Recorded data ::
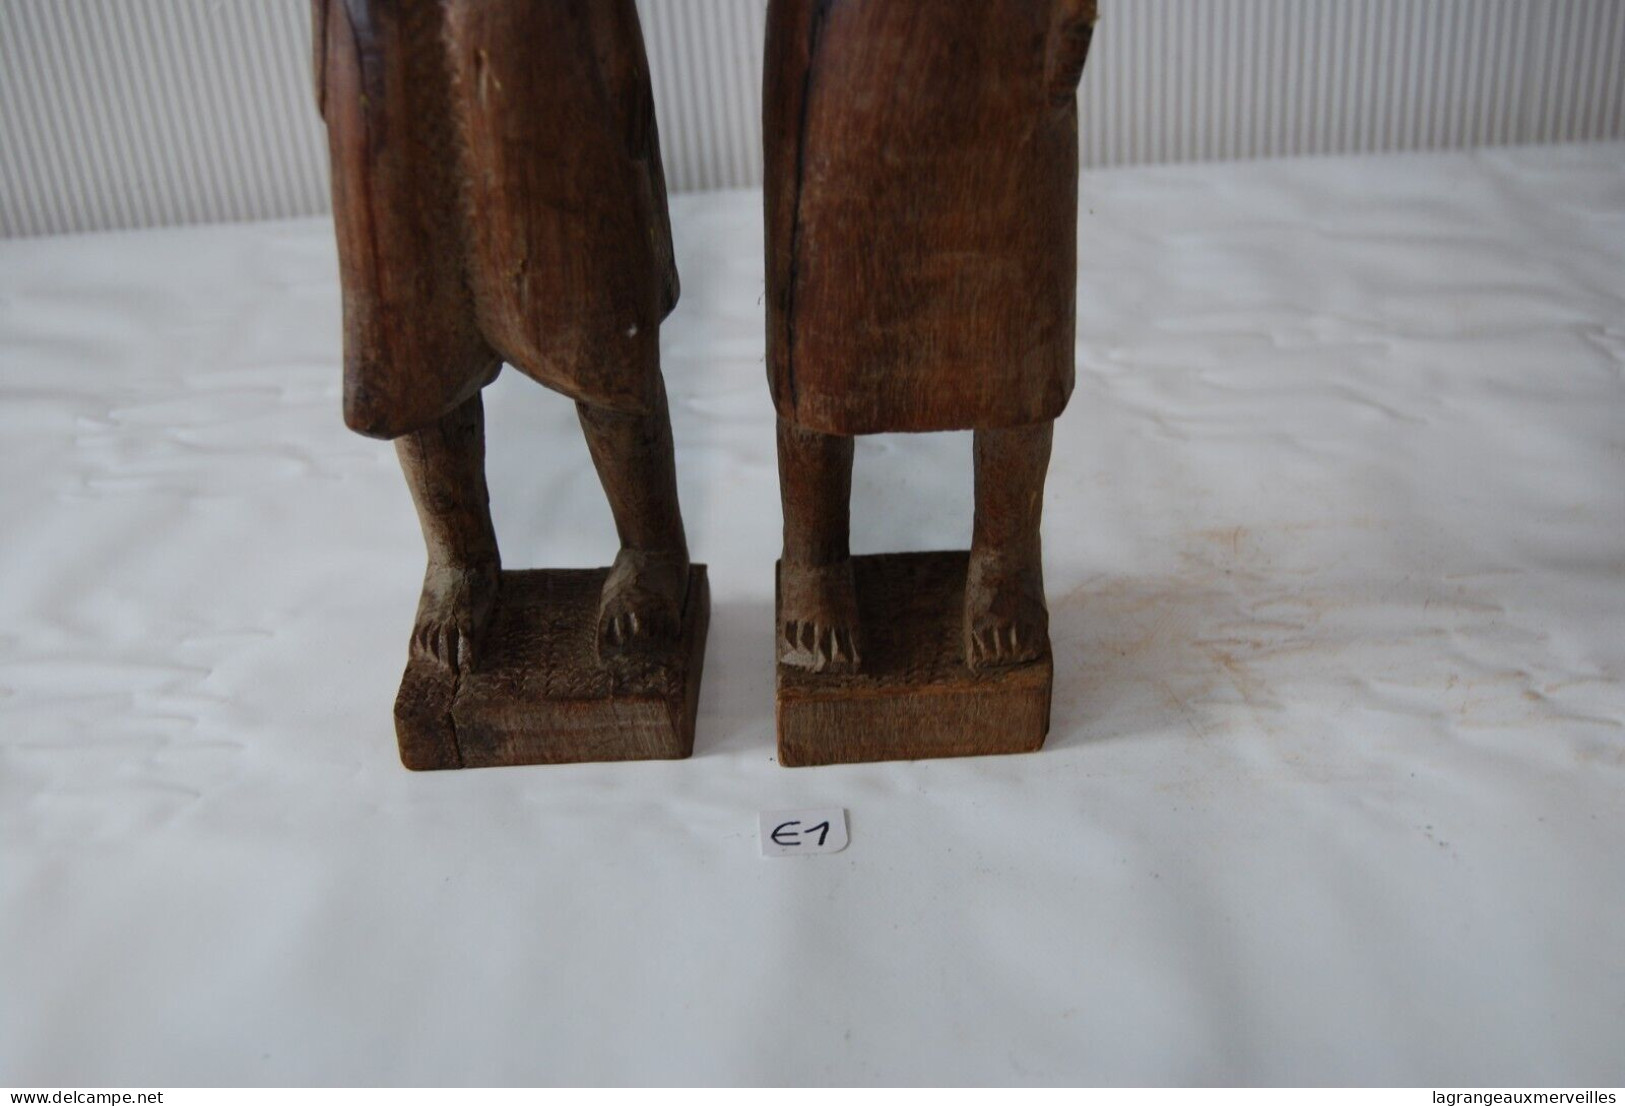 E1 Ancien couple buste africain - outil ancien - ethnique - tribal H42
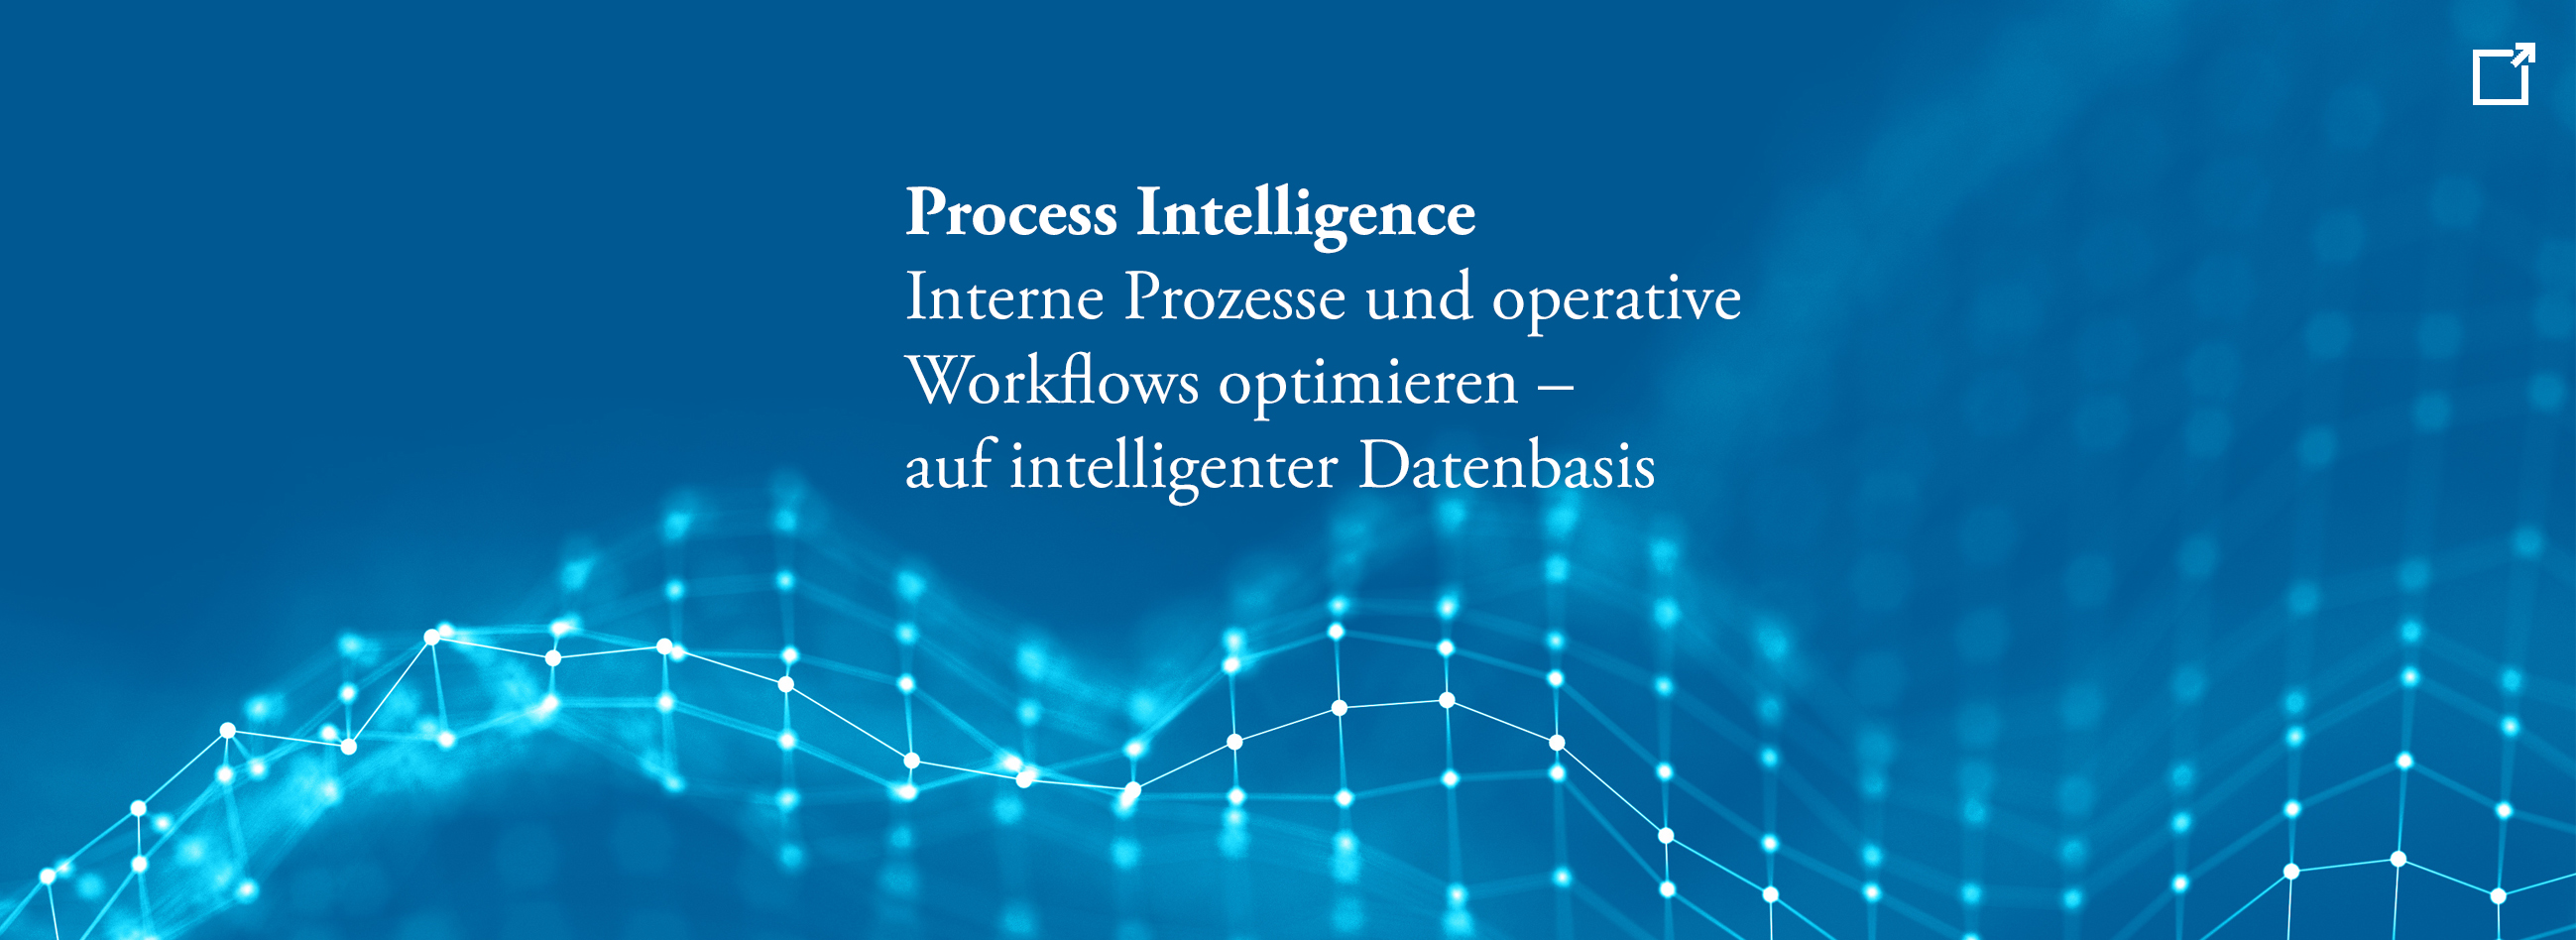 Datenstrategie, Künstliche Intelligenz, Data Governance, Big Data, Process Mining
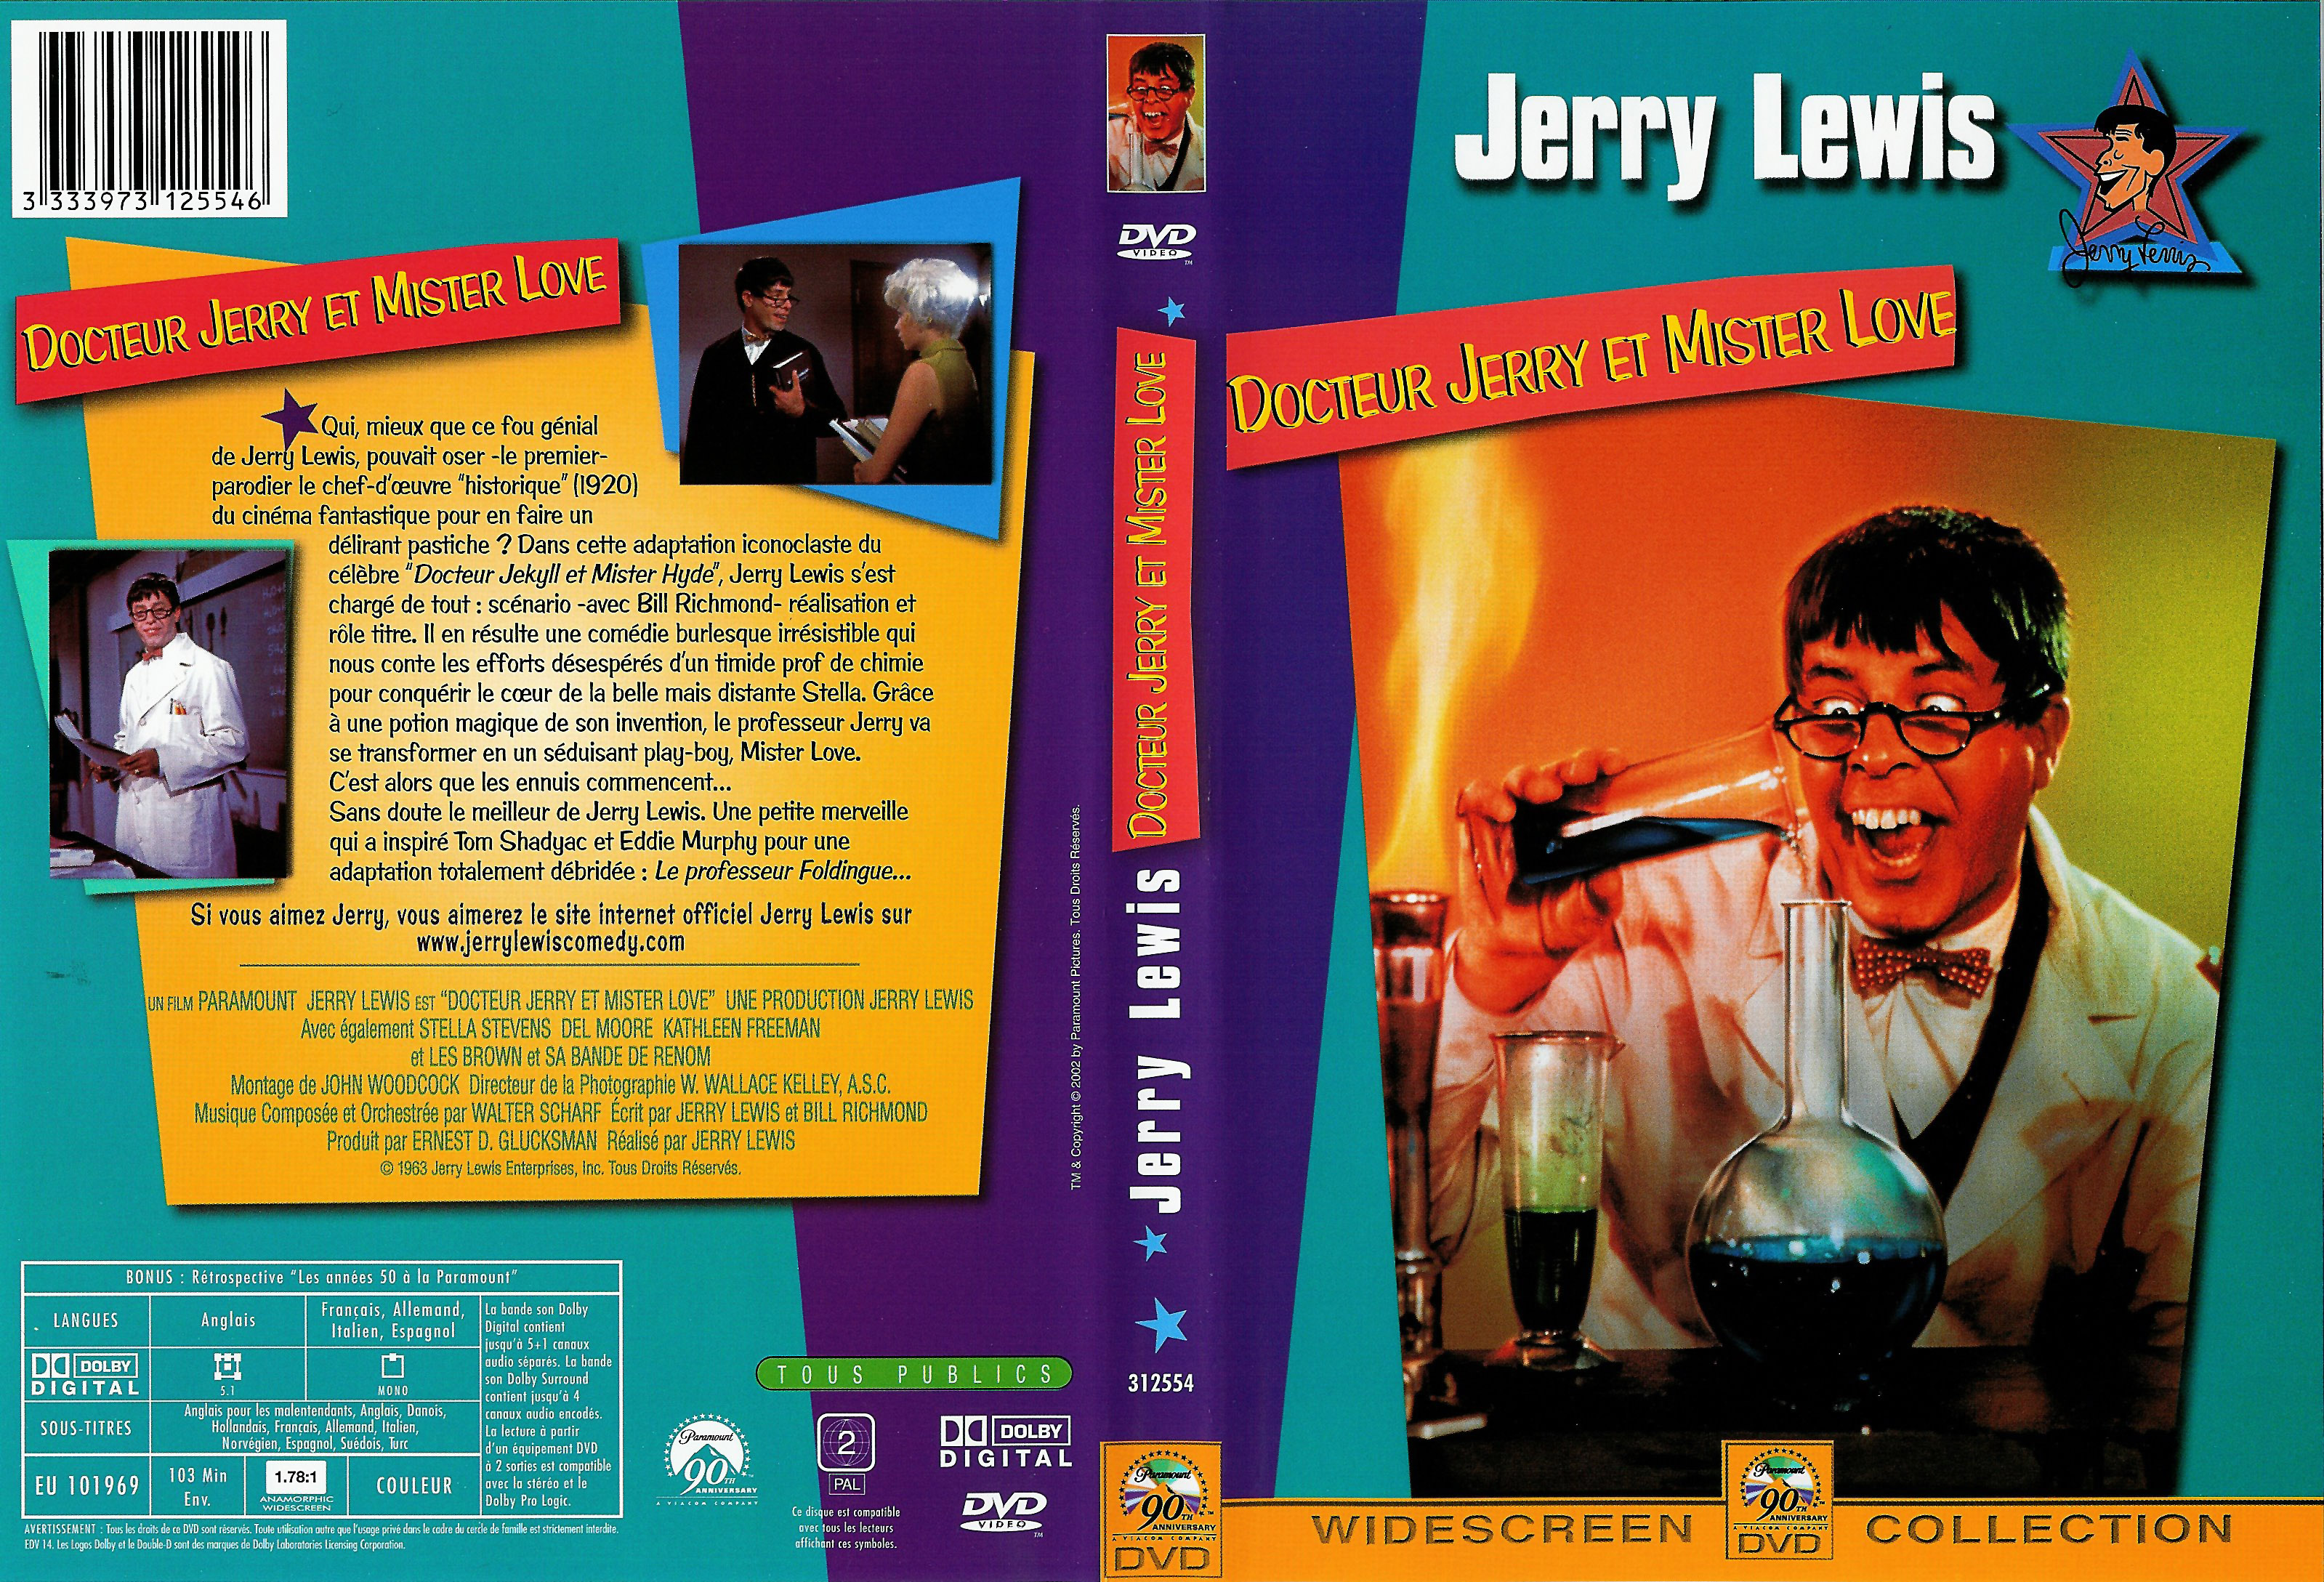 Jaquette DVD Docteur Jerry et Mister love

Exercise description :: Everything in the material goes into the copy exactly, except the images.

Task answer ::
 E1 Ancien couple buste africain - outil ancien - ethnique - tribal H42
 Datenstrategie, Künstliche Intelligenz, Data Governance, Big Data, Process Mining
 Jaquette DVD Docteur Jerry et Mister love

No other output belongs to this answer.